● **Brief**
Give back the data exactly, with no images.

● **Supplied data**
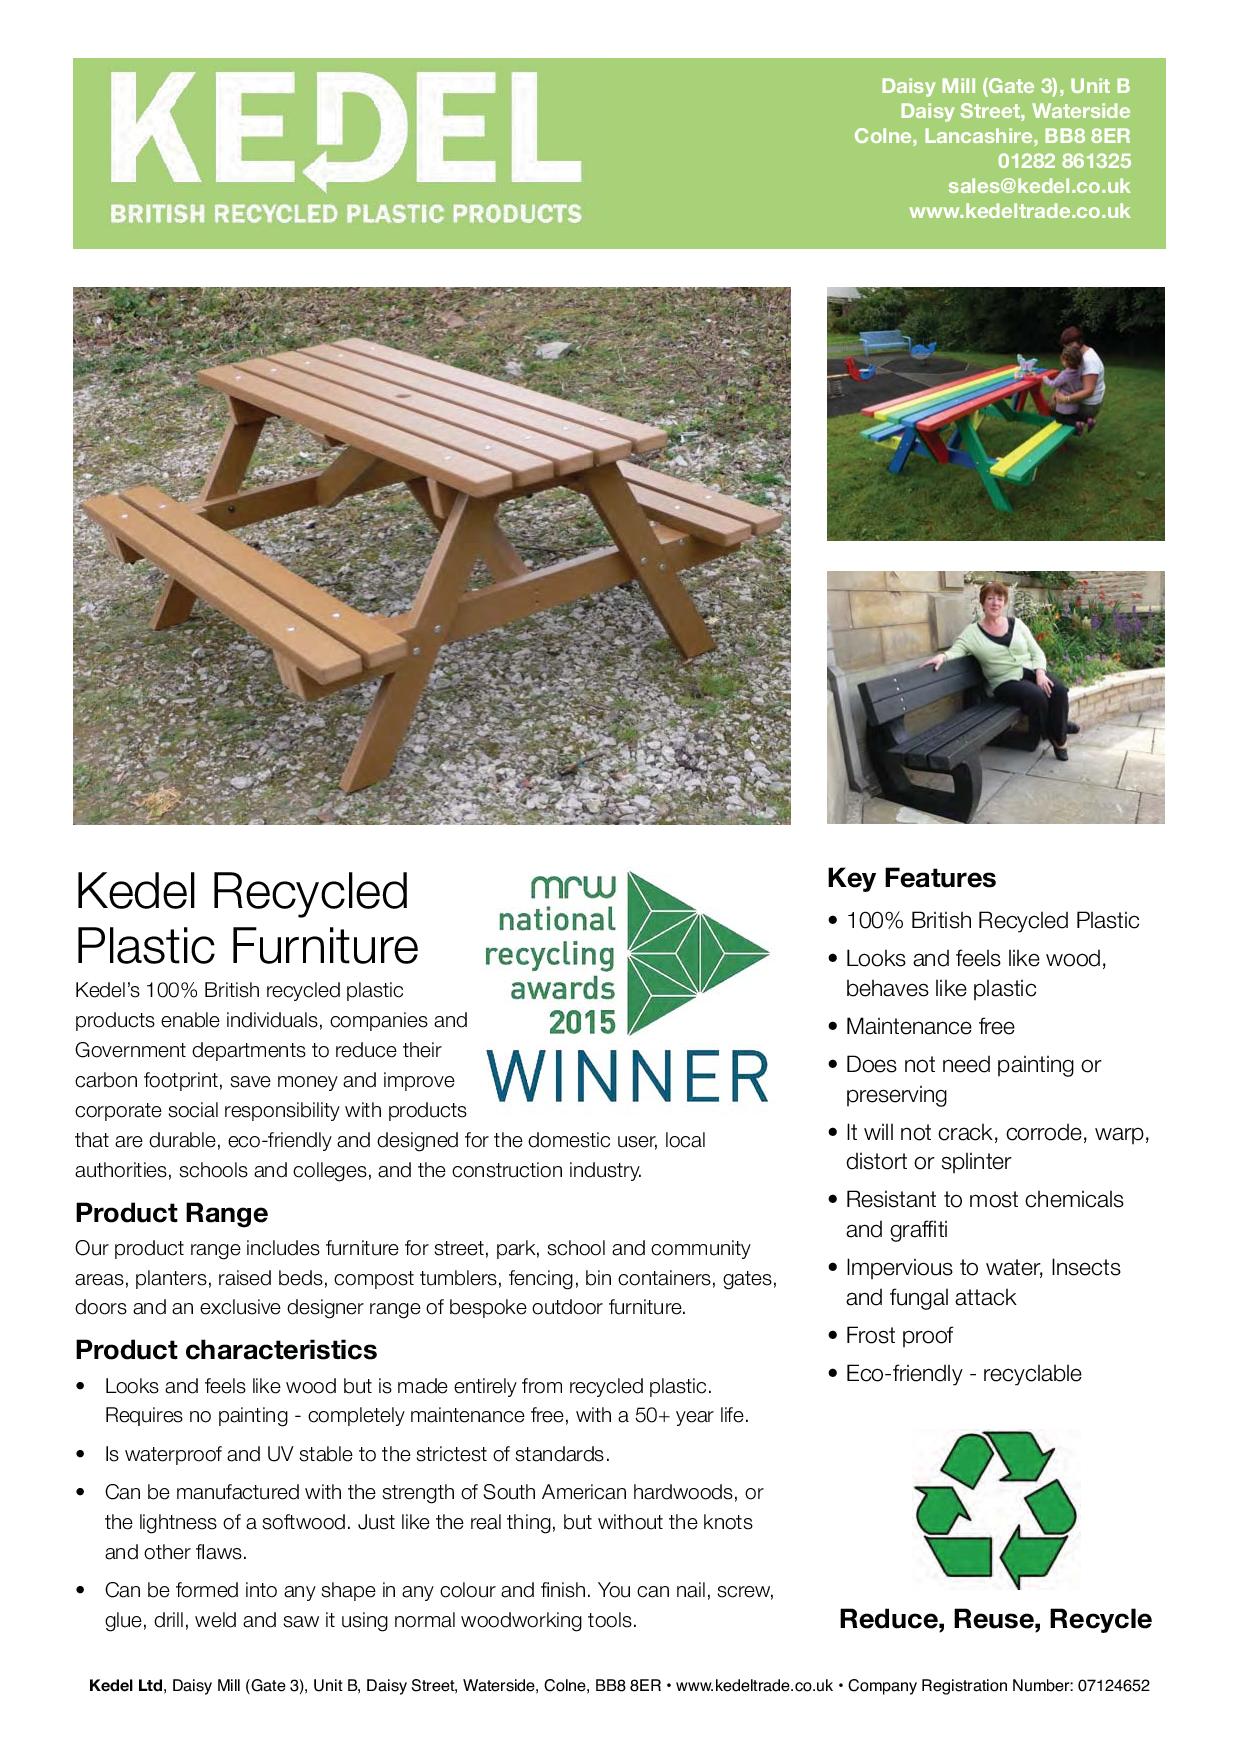 Recycled Plastic Furniture - Key Features Leaflet
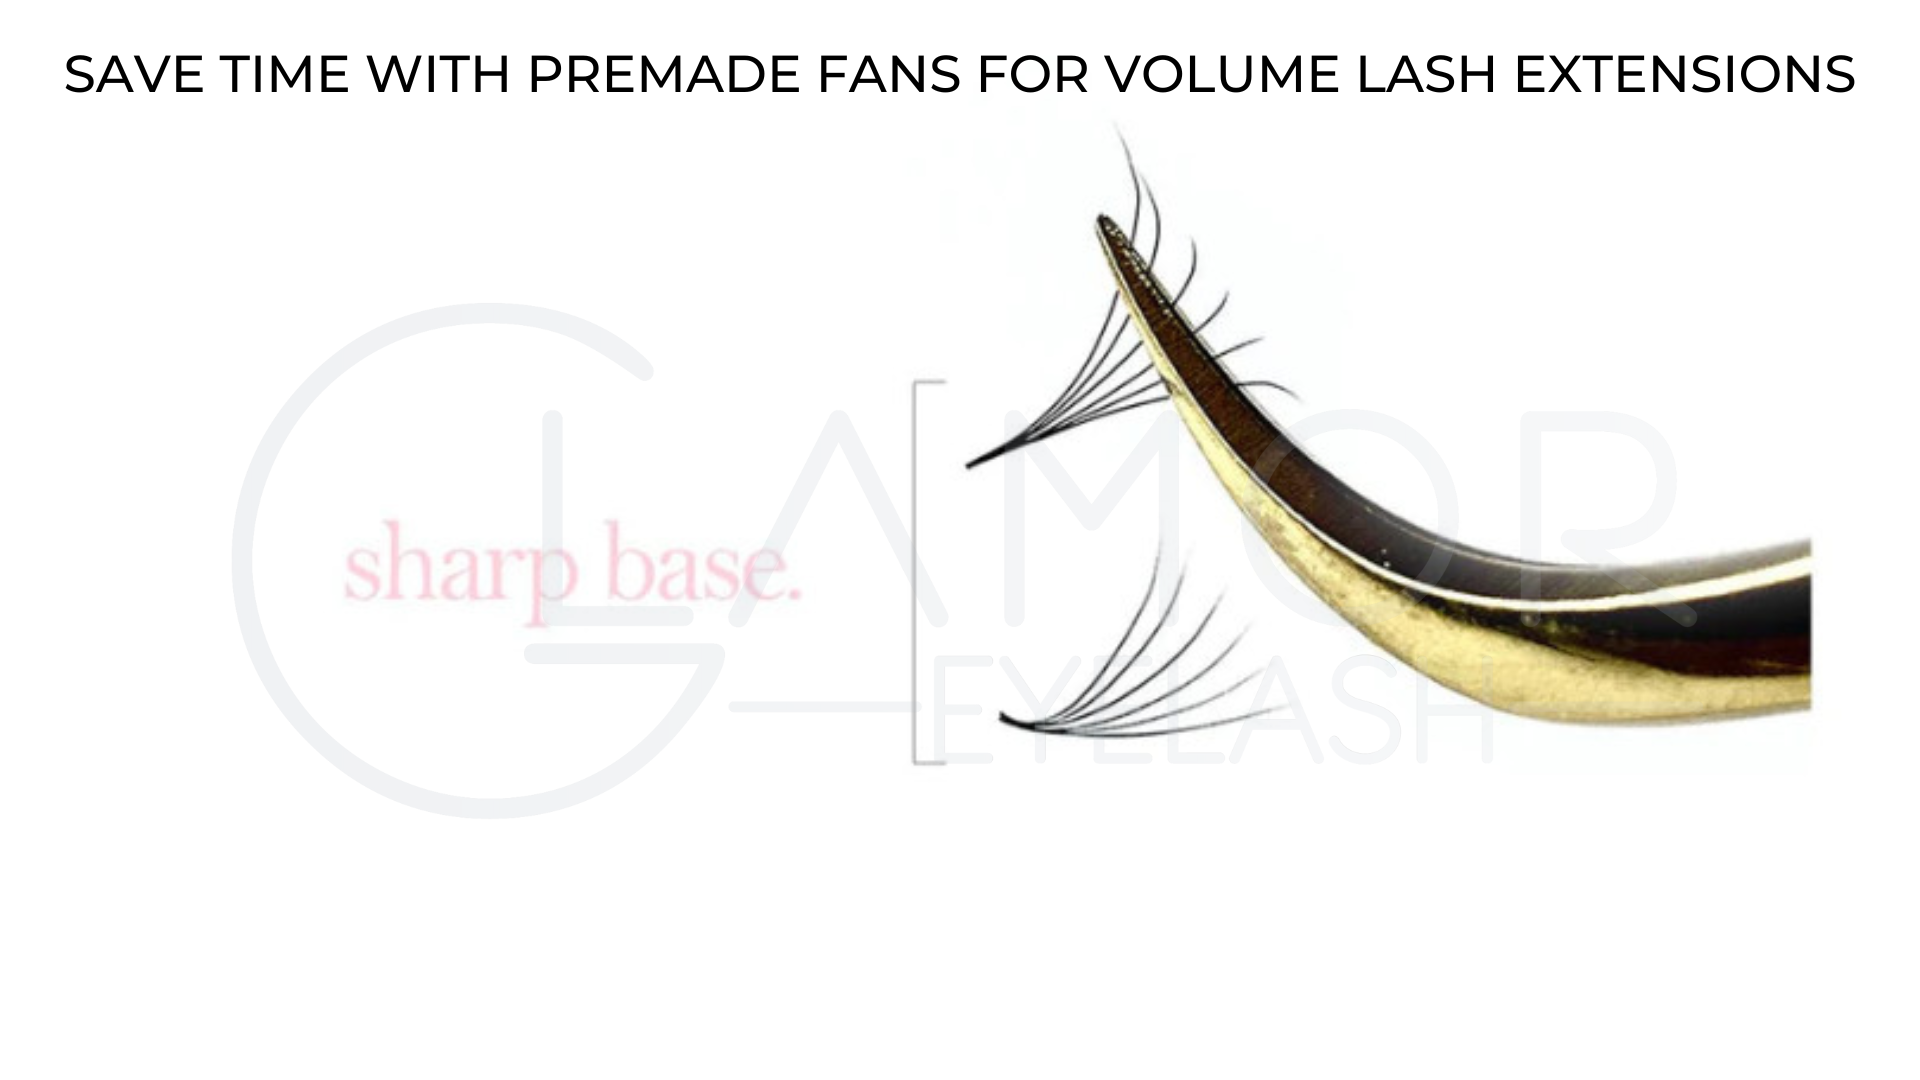 SAVE TIME WITH PREMADE FANS FOR VOLUME LASH EXTENSIONS
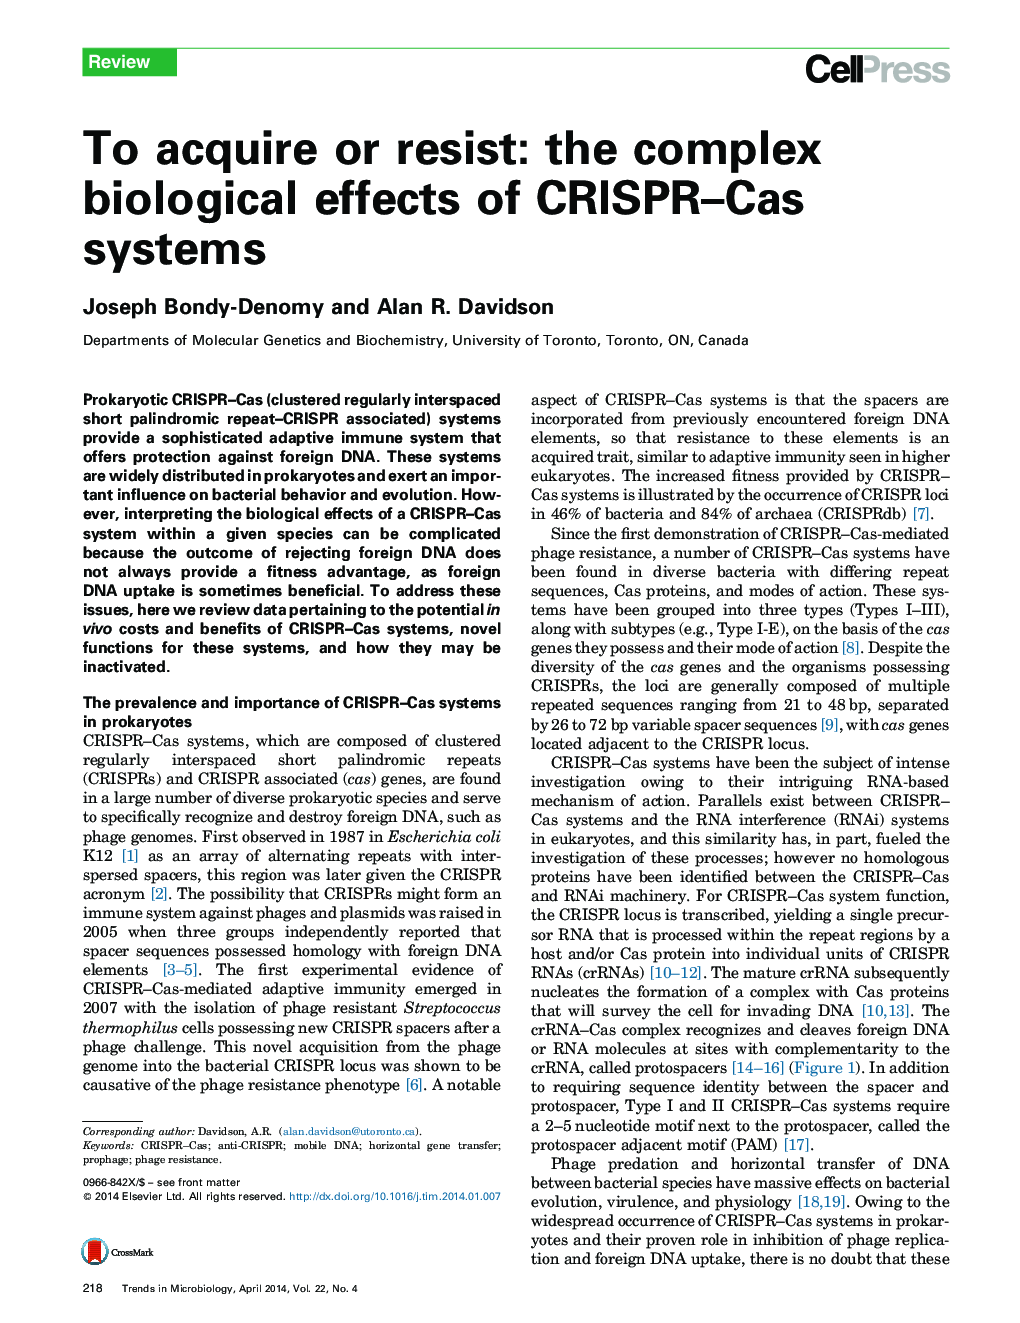 To acquire or resist: the complex biological effects of CRISPR–Cas systems
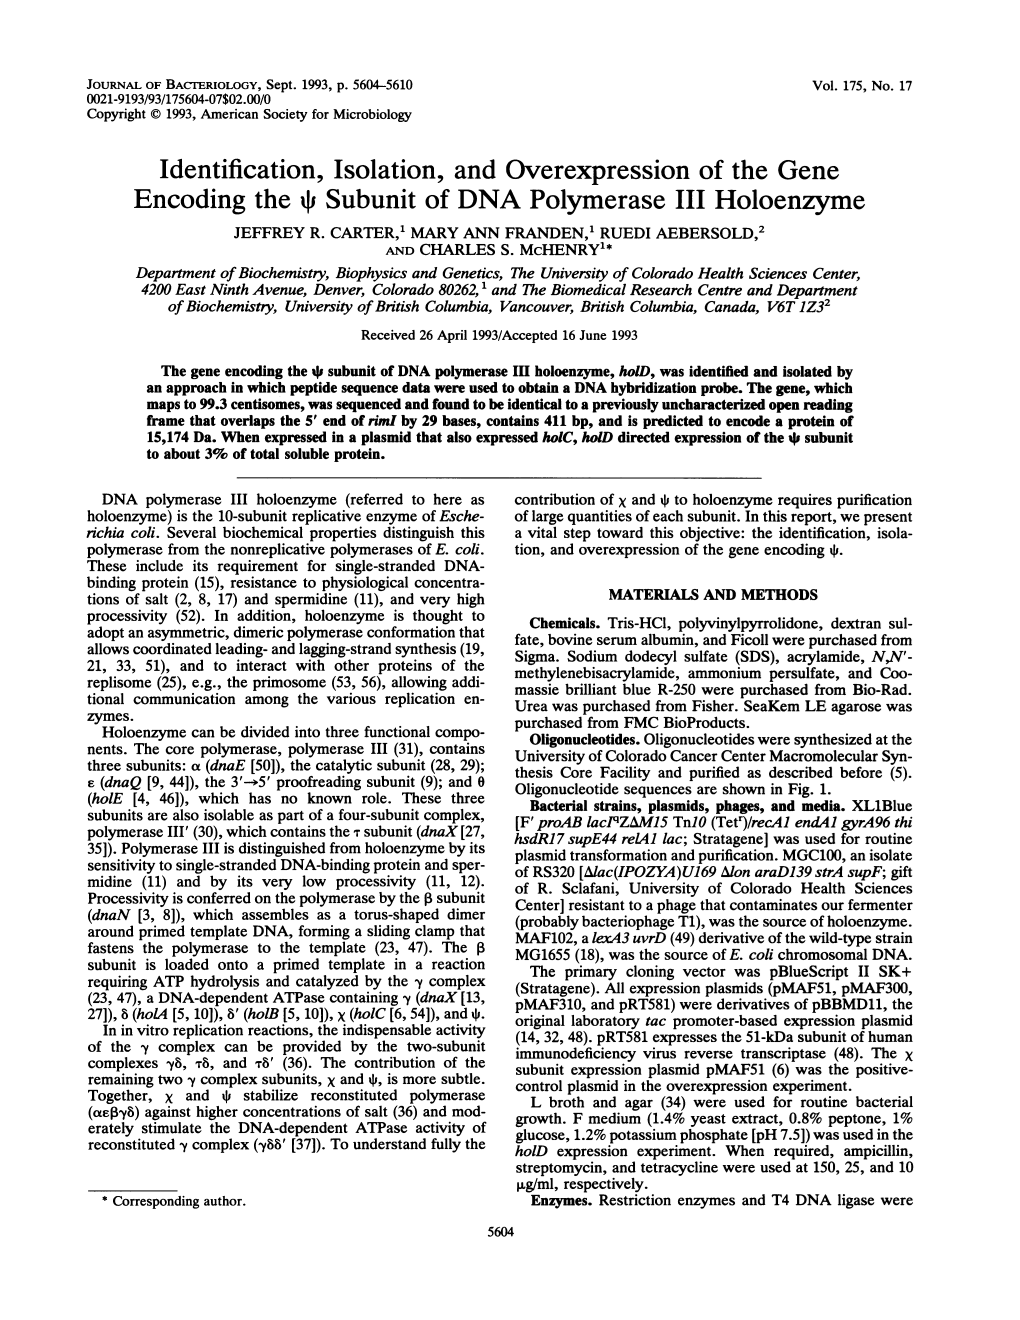 Identification, Isolation, and Overexpression of the Gene Encoding the * Subunit of DNA Polymerase III Holoenzyme JEFFREY R

● **Answer for the task**
 Recycled Plastic Furniture - Key Features Leaflet
 SAVE TIME WITH PREMADE FANS FOR VOLUME LASH EXTENSIONS
 To acquire or resist: the complex biological effects of CRISPR–Cas systems
 Identification, Isolation, and Overexpression of the Gene Encoding the * Subunit of DNA Polymerase III Holoenzyme JEFFREY R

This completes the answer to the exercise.